Publishers such as Elsevier (full disclosure: my latest technical paper was published through an Elsevier journal) have their profitable cake and get to eat it too. The academics who write their content send their papers in for free, or in some cases even pay the publishers page charges. The other academics who review the papers also usually review for free. And then the publisher gets to charge five-figure subscription fees to the libraries of the same institutions where the papers were generated. It is indeed good to be an academic publisher these days. At least until Alexandra Elbakyan came along.
In 2011, Elbakyan was a neurotechnology graduate student in Kazakhstan, dismayed by the charges she had to pay per research article to places like Elsevier unless she was affiliated with a university whose library had a subscription. (Anybody can get individual articles from these publishers, but unless you have a connection to a research library, they will ask you to pay on the order of $30 US per article. Academics such as myself are shielded from these costs, which are borne by the libraries.) So she found a willing hacker or two and started something called Sci-Hub. According to Dr. Brant, you can find millions of documents on it that you'd otherwise have to pay for, and outside of North America and Northern Europe, especially in Russia and China, nobody fools with the official academic publishers any more. They just go to Sci-Hub.
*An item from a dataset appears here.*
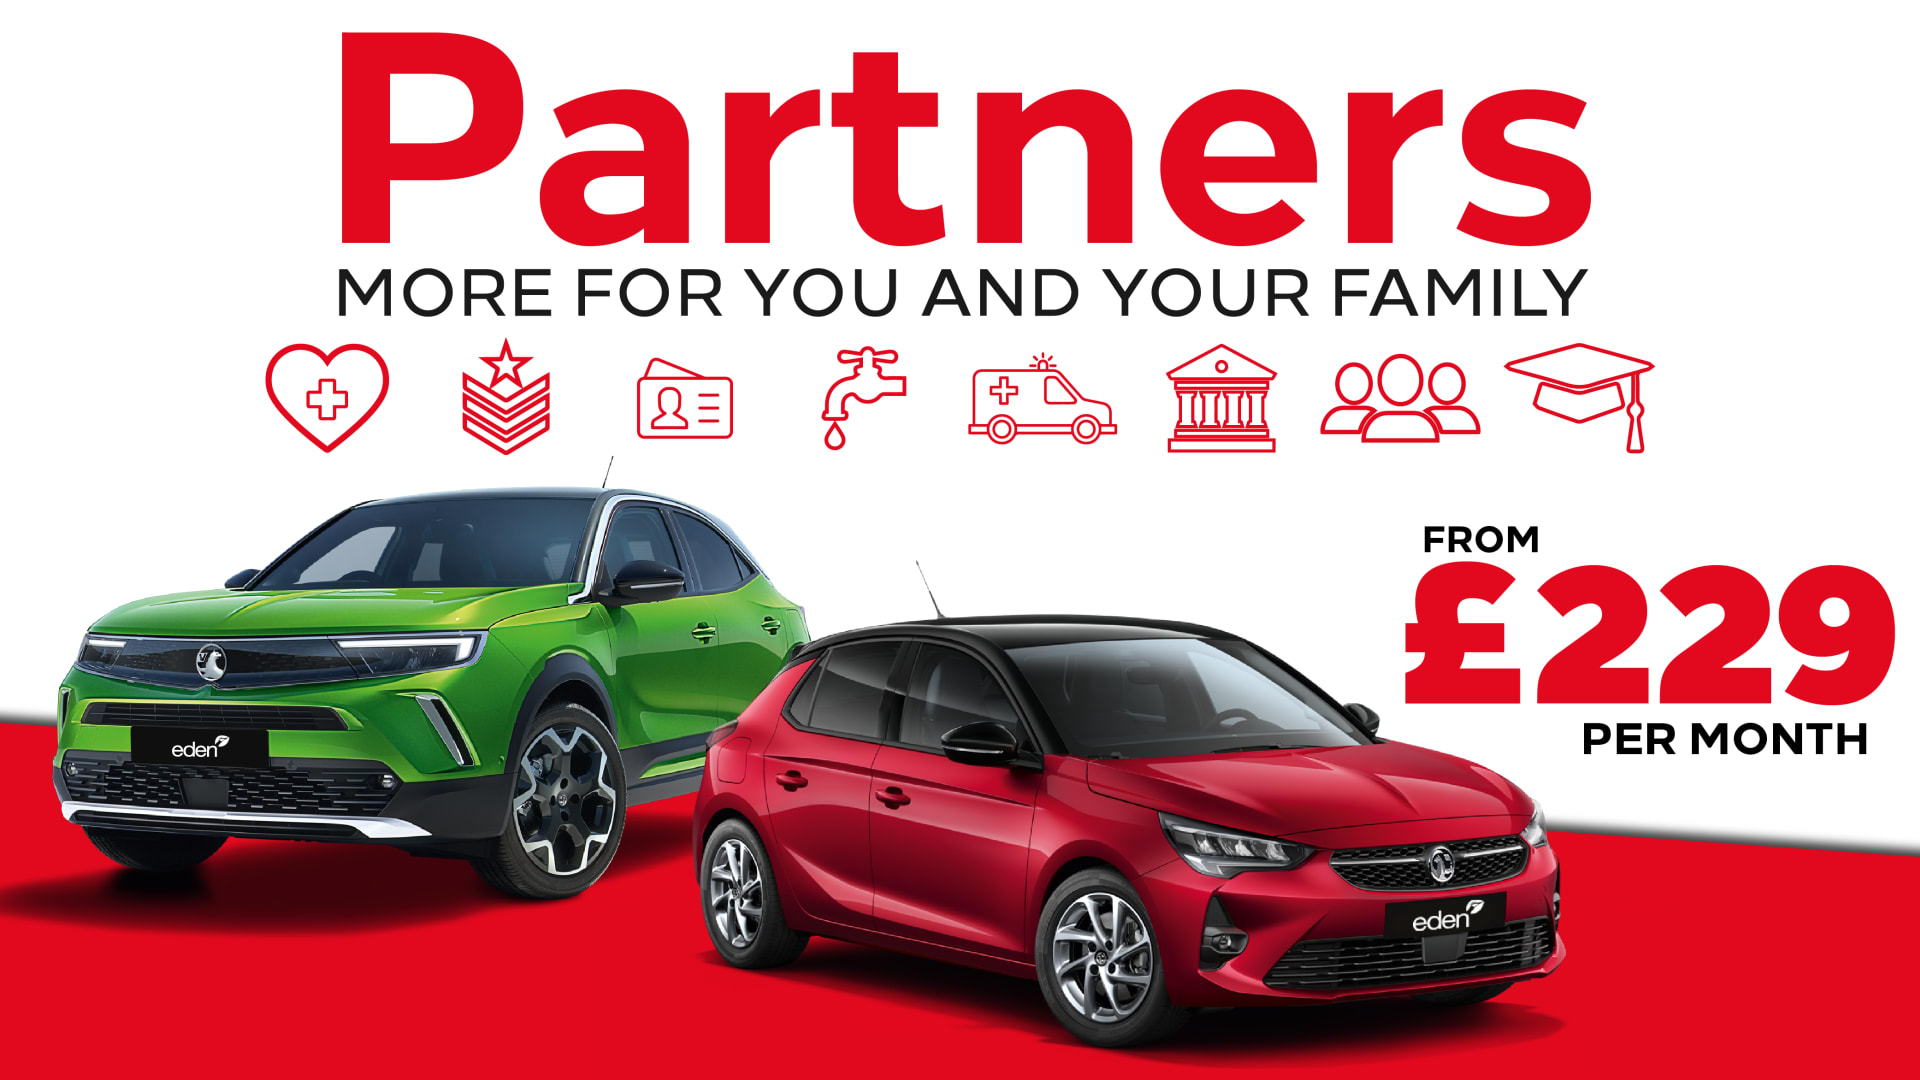 Partners Offers

This is not a stable situation. No matter what treaties and agreements say, if Country A harbors some folks who are violating Country B's copyright laws, and Country A doesn't want to cooperate, there's not much that anybody in Country B can do. If everybody switches to using Sci-Hub, the academic publishers' revenue streams dry up and the whole system collapses. It hasn't happened yet, but the house of cards is teetering.
The question is, who should pay for academic publishing, and how much is fair to charge for it? Saying the free market will decide isn't going to work, because we're not talking about a commodity like oil or wheat. Each academic paper is unique, and anyway, there are studies showing that only two or three other people ever read a typical journal paper anyway. But if it's not in principle available to everybody, you can't say it's really published, so the availability has to be there. In a way, academic publishing is a kind of vanity press, but one in which the writers don't typically pay up front. Recently the concept of open-access publishing has made some headway, in which the author pays a lump sum (typically on the order of $1000 US), and the publisher promises to keep it on the Internet forever. To my mind, that goes too far the other way, in that your typical English professor at a lowbrow college is not going to have that kind of money, and neither is his department.
I don't know what the solution is. Obviously, the peer-review process is still necessary, in which qualified experts pass judgment on what should be published, and it costs something to organize that and put papers in shape to go online. But I seriously doubt that it costs as much as places like Elsevier are charging. Maybe the pressure brought to bear by free-access sites such as Sci-Hub will lead to lower prices. Or some mechanism or international agreement may be found in which people will still have access to information they need, but at a price which reflects something closer to the true cost of the service, and not just whatever the traffic bears.
And as for my book, well, there's something to be said for paper after all.
Sources: I thank Trey Brant for bringing my attention to this matter. I referred to Wikipedia articles on "Information Should Be Free" and "Sci-Hub." And no, I'm not going to tell you where to find my book for free, or what Sci-Hub's current domain name is. You have to find those on your own.